Daily Podcast #17 Nay Saysourinho /// Decolonial Fairy Tales & Object-Oriented Pedagogy

Published

ABOUT NAY SAYSOURINHO ///

Nay Saysourinho is a writer and literary critic. She was the first recipient of the Adina Talve-Goodman Fellowship from One Story Magazine. She is a regular contributor to the Ploughshares Blog. The daughter of Lao refugees, she was raised in the province of Québec and spent several years in Saskatchewan. Her writing explores food, nature and colonialism. She is currently working on her first novel —a modern fairy tale set in Southeast Asia— and an art project on Asian portraiture. She writes in French and English, and is based in Connecticut. Learn more on her contributor page.

ABOUT THIS DAILY PODCAST SERIES ///

As many of us are confined in many places of the world, we wanted to provide you with a daily podcast in partnership with Radio Alhara emitting from Palestine. Our ambition for it is to not add to the saturation of information we are currently experiencing but, rather, to propose a daily extension 15-minute of our political imaginaries.

The concept is very simple. Every day, we ask one person the same question: “what is for you a moment of true decolonization?” The answer can be a historial moment or something they witnessed; something heroic and grandiose, or rather discreet and mundane; a durable blow to the structures of colonialism or a short instant of liberation.

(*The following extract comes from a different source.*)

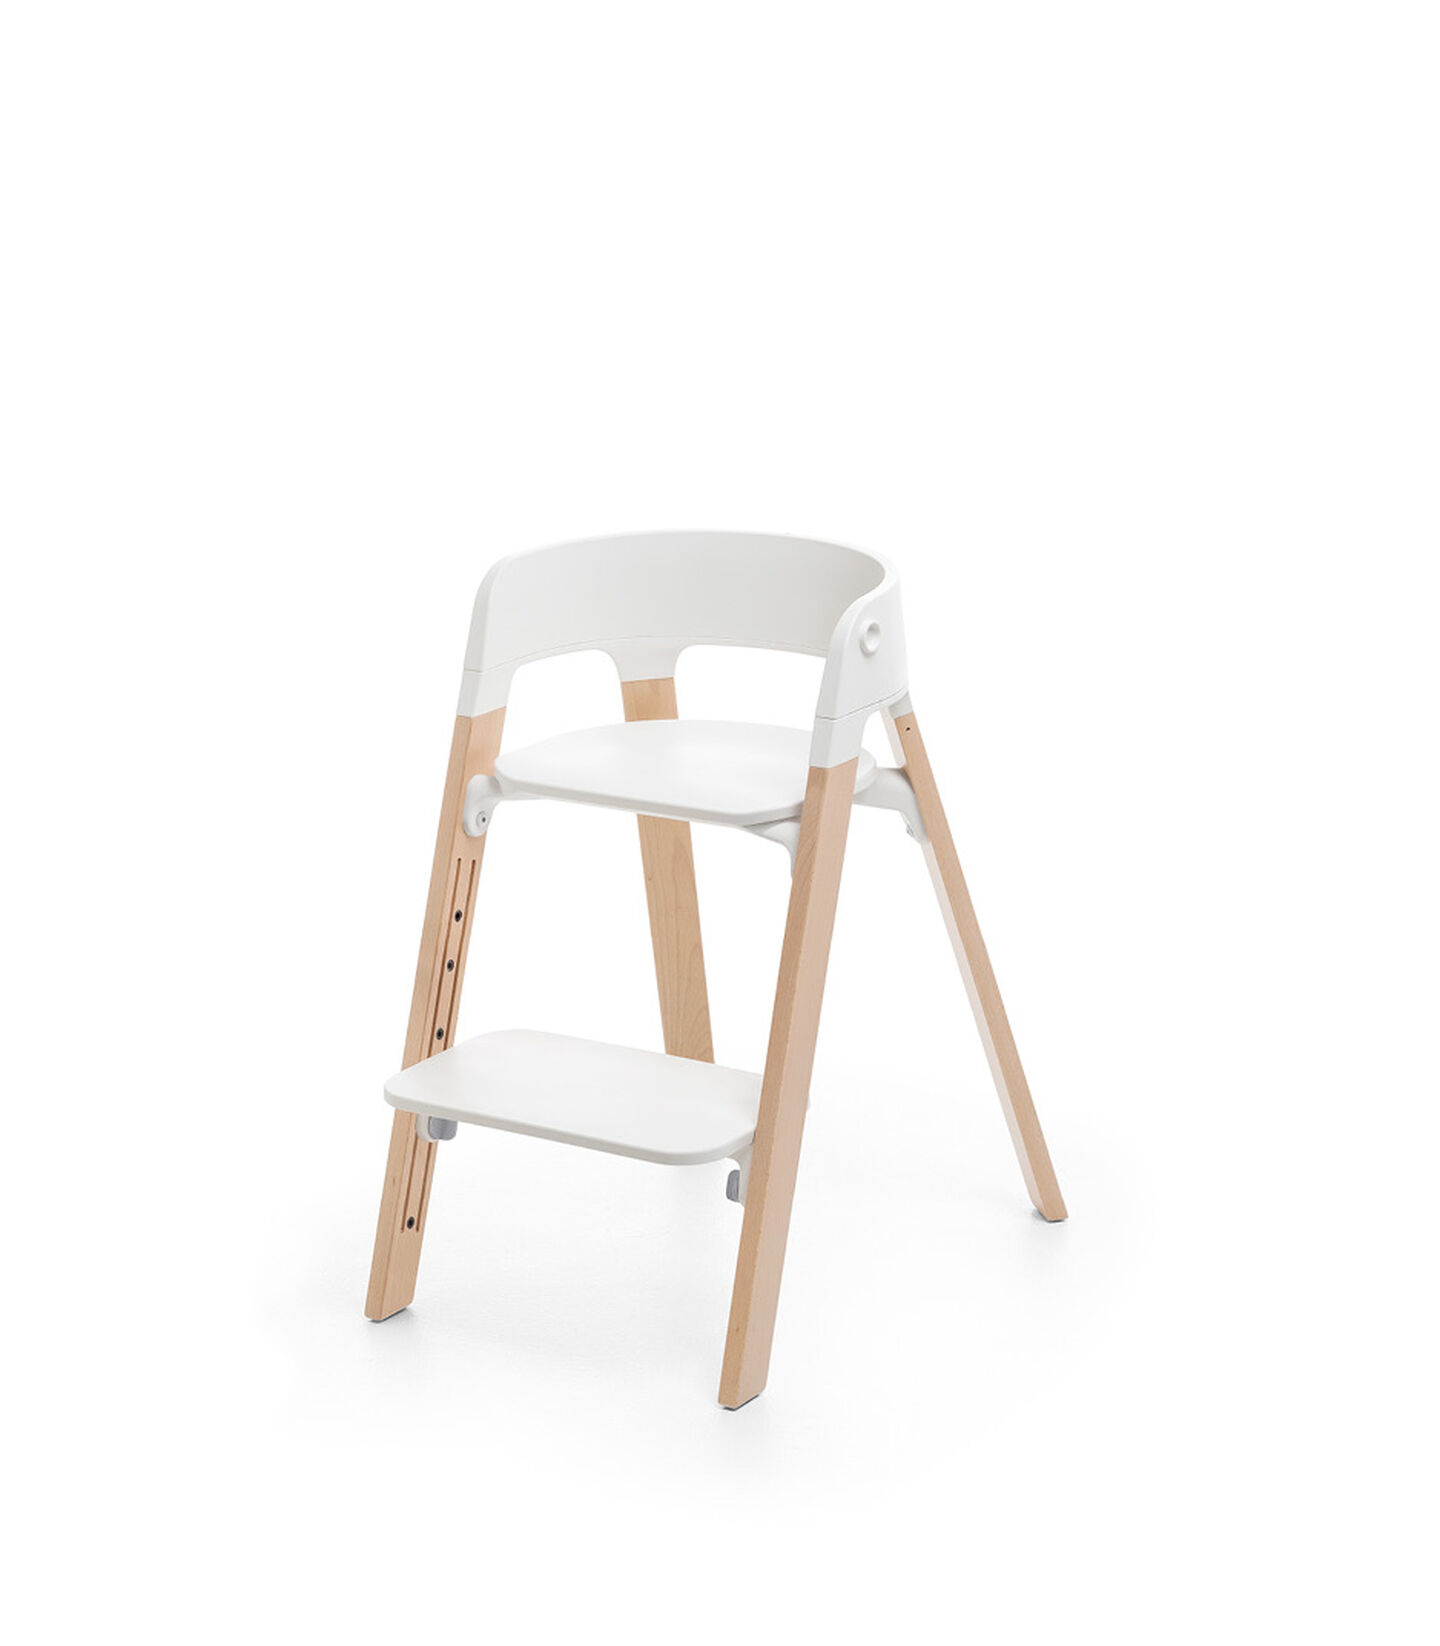 Stokke® Steps™ Chair, Beech Natural with White Seat. Footrest low. view 1

While we are recording this podcast in privileged conditions of confinement, we keep in our thoughts the multitude of people around the world who do not share similar conditions or have no choice but to risk being affected by the pandemic because of criminal policies that have to do with neoliberalism, carceralism, or colonialism

We thank you for listening and wish you and your loved ones the very best wherever you are.

(music by hooksounds originals)

Radio Alhara The Funambulist

NB. The Funambulist daily podcast is also played every day at 3:30PM, Palestine time, on  راديو الحارة Radio Alhara, a new radio produced from locked-down Bethlehem and Ramallah, along with another 15-minute production about worldwide solidarity, created specifically by The Funambulist for the purpose of this show.